● **DIRECTIONS**
Write out, please, each line from the one containing "New Balance Womens" to the final line of the data, both included, exactly and without pictures.

(Beginning of DATASET EXTRACT)

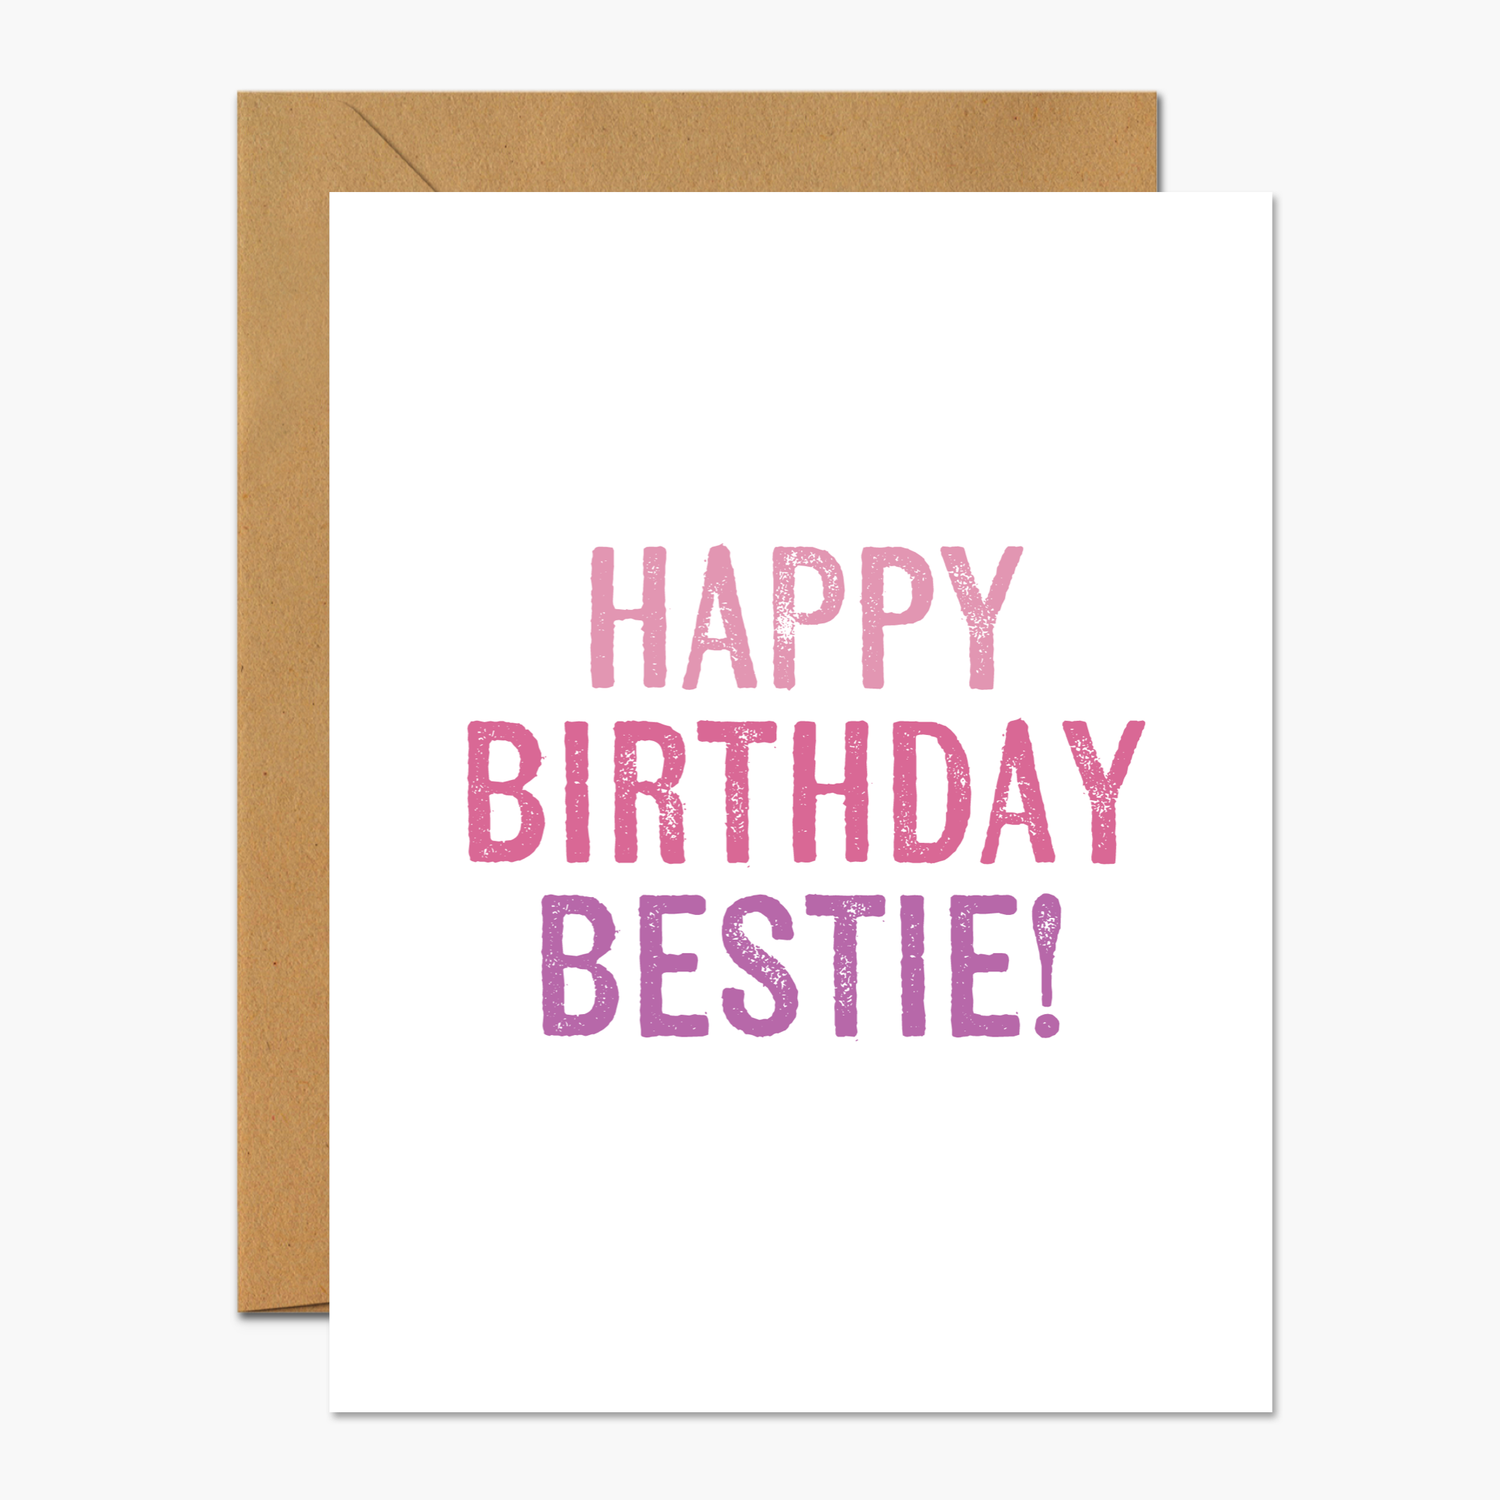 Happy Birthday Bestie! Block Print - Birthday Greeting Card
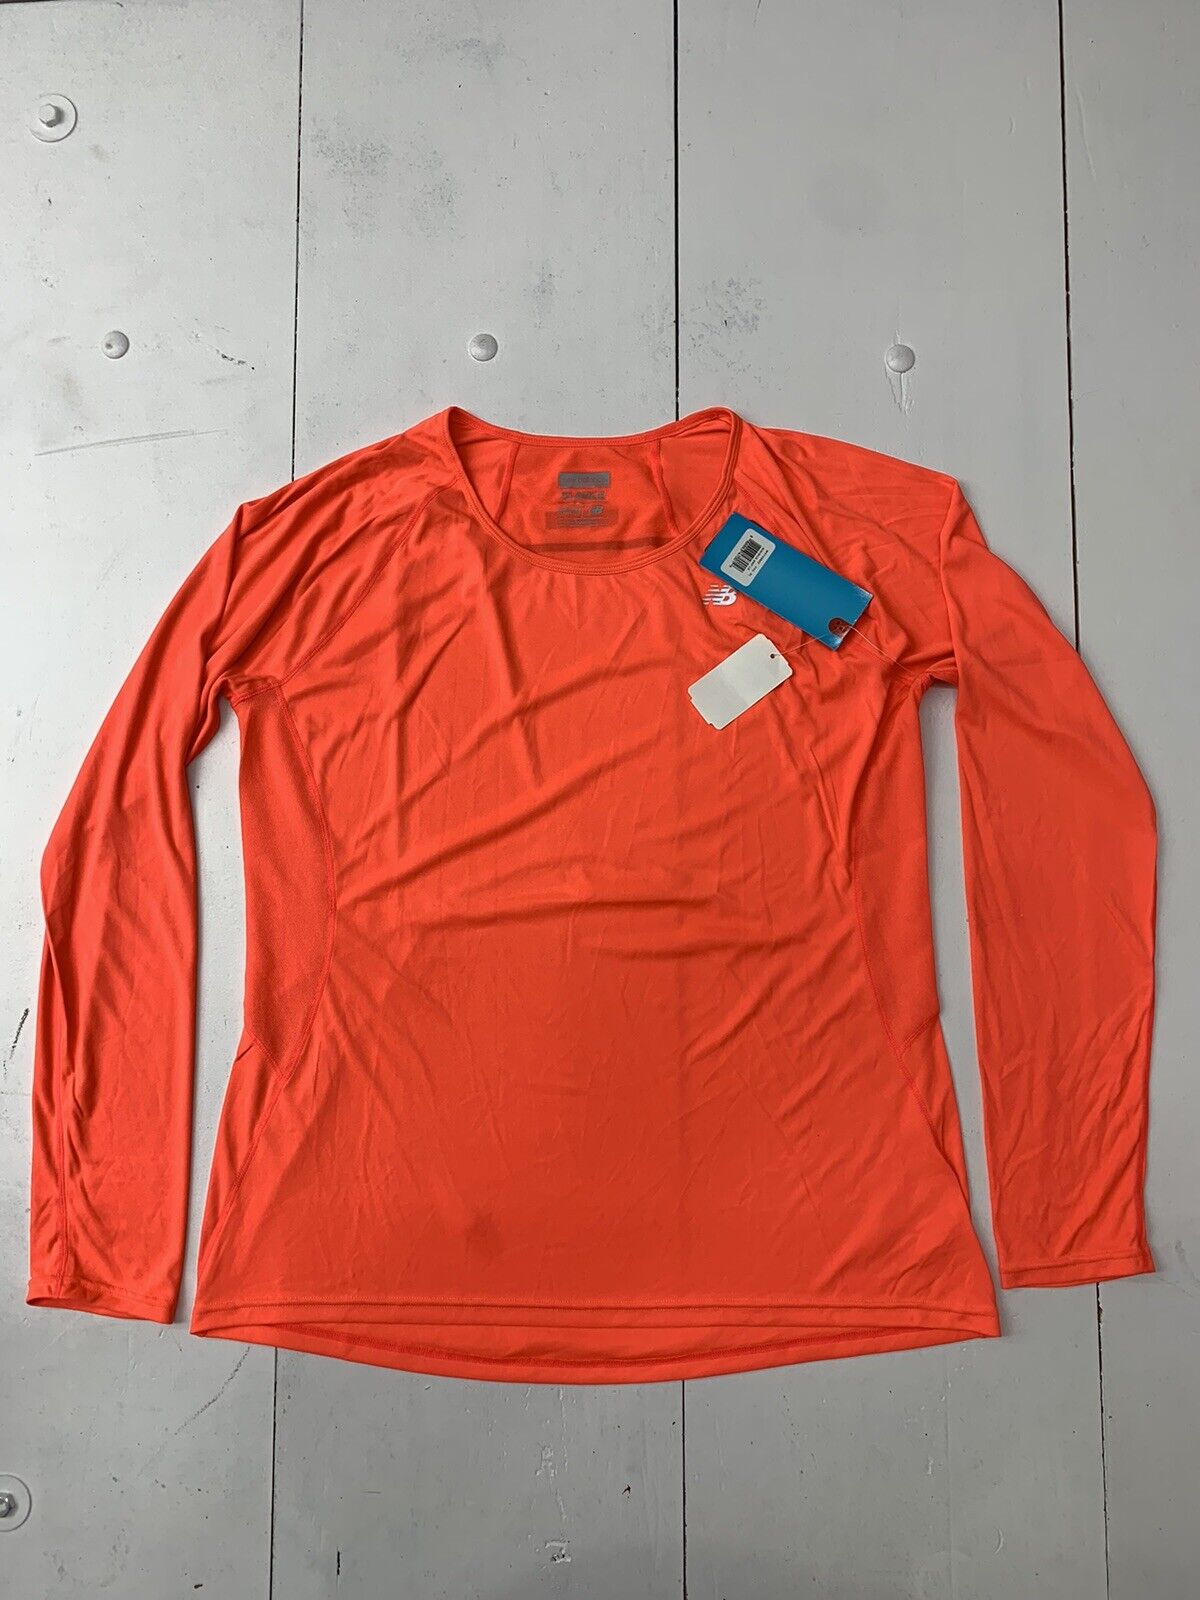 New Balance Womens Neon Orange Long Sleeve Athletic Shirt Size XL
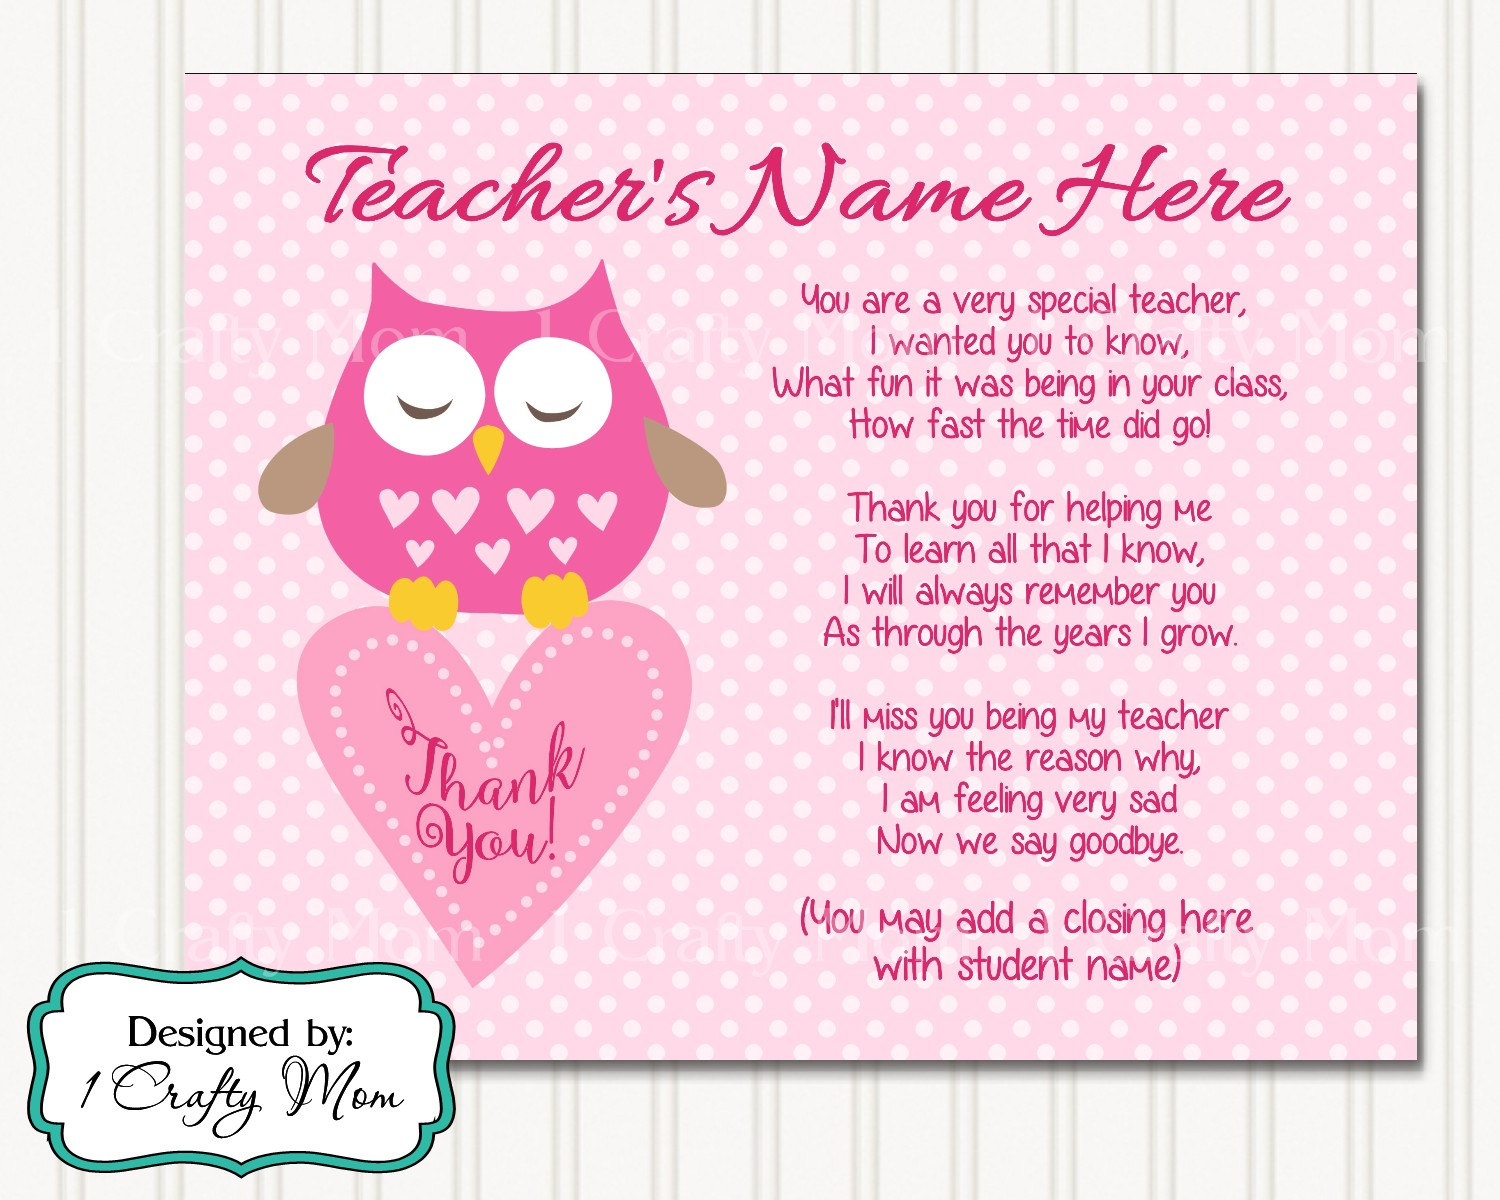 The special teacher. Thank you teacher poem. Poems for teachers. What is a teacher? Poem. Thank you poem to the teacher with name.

(End of DATASET EXTRACT)

● **RESPONSE**
 New Balance Womens Neon Orange Long Sleeve Athletic Shirt Size XL
 The special teacher. Thank you teacher poem. Poems for teachers. What is a teacher? Poem. Thank you poem to the teacher with name.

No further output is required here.